Physical unclonable functions (PUF) afford an auspicious mechanism that can be used in many safety-relevant, data-protection-related and digital-rights-related applications. A physical unclonable function can be regarded as a function that is embodied in or by means of a physical structure and that, although relatively simple to evaluate, can be predicted only with very great difficulty. In addition, an individual PUF medium is typically easy to produce but practically impossible to duplicate with respect to the PUF, even using exactly the same production method.
Another name for the physical unclonable function is a physical hash function. The idea of physical unclonable functions or PUFs is to digitize physical properties of an object and thus to obtain a bit sequence (number) that is associated with the object. In this case, it is desirable for the bit sequences of two different physical objects to be uncorrelated. A simple example for purposes of illustration is a sheet of paper. When viewed under a microscope, it is possible to see a special fine structure of wood chips or cellulose portions. The structure is measured using a suitable algorithm and the result is presented as a bit sequence. This bit sequence is the PUF. Another sheet of paper generally produces a bit sequence that is uncorrelated with the bit sequence of the first sheet of paper.
The process for producing a bit sequence (the actual PUF thereof) from the properties of the physical object is called PUF generation. It is a typical aim for the PUF generation to be efficient.

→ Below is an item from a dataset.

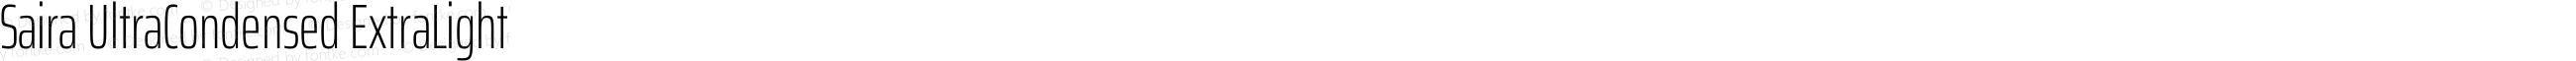 Saira UltraCondensed ExtraLight

A desirable property of a PUF generation mechanism is that the same physical object produces the same bit sequence each time in the course of fresh PUF generation (that is to say in the course of a freshly made PUF request). However, this is typically not the case. Repeated PUF generation for the same physical object provides bit sequences that, although very similar to one another, are generally not identical to one another. This discrepancy is typically compensated for by using methods from coding theory (error correction). In this case, the error correction is typically carried out by a piece of special hardware or by a processor that executes an appropriate software program. It is desirable for the error correction to be made as efficient as possible in terms of hardware complexity and/or computation complexity.